┌──
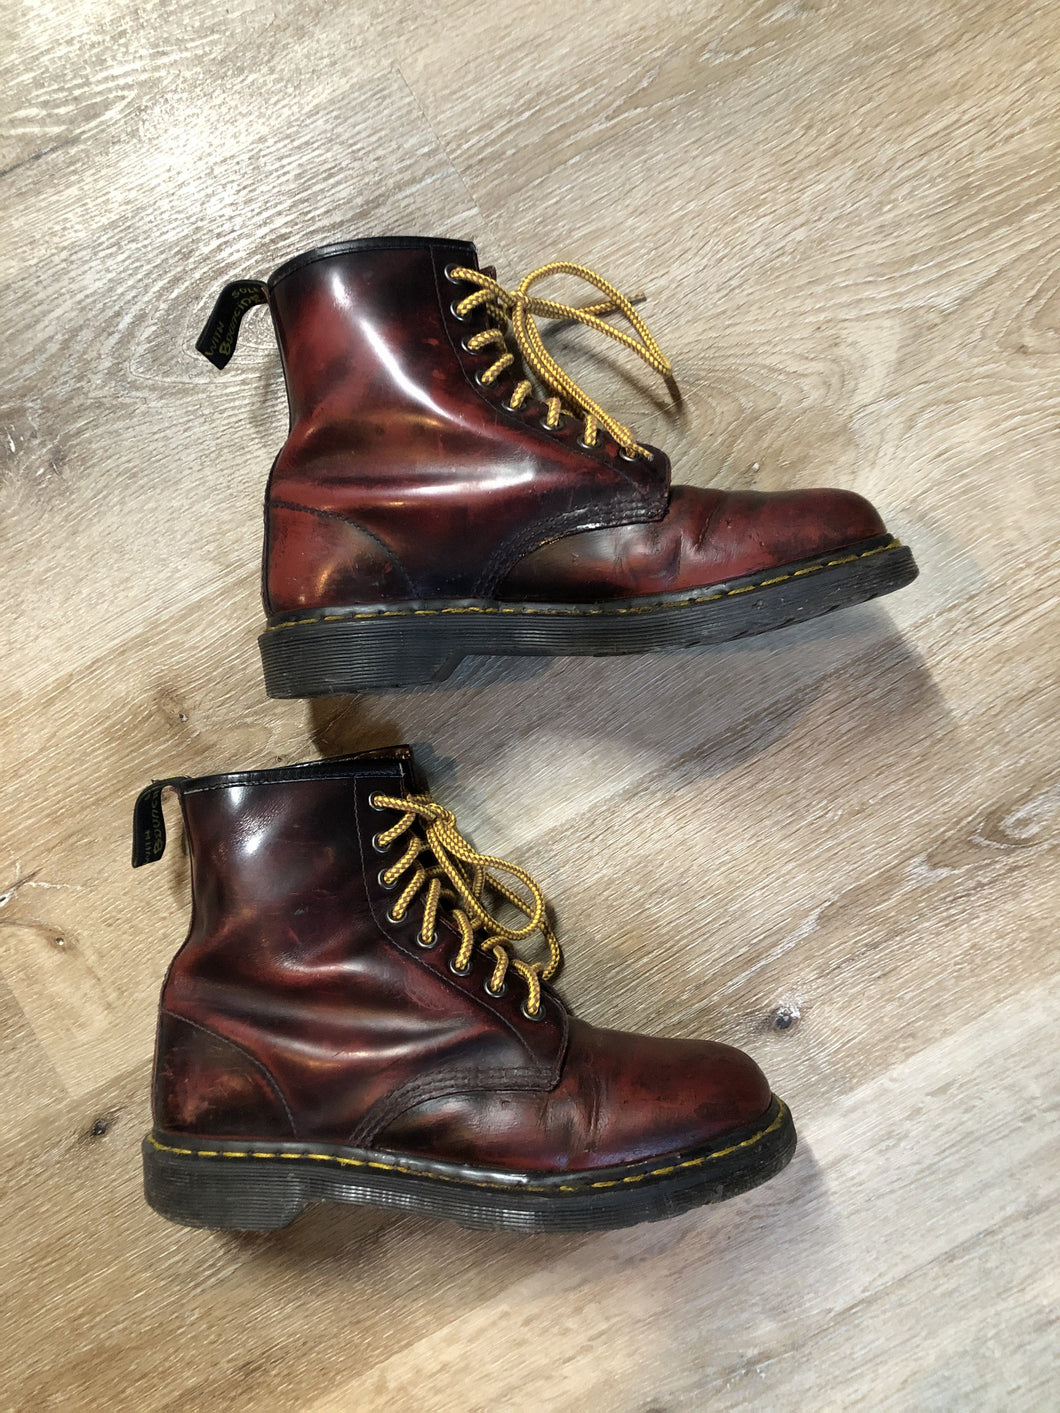 Kingspier Vintage - Doc Martens 1460 Original 8 eyelet boot in red and black with smooth leather upper and iconic airwair sole.

Size 8 W

*Boots are well worn.
└──
Work task. Only the pictures are to be dropped; all other material above must be repeated exactly.

Exercise response.
 Kingspier Vintage - Doc Martens 1460 Original 8 eyelet boot in red and black with smooth leather upper and iconic airwair sole.

Size 8 W

*Boots are well worn.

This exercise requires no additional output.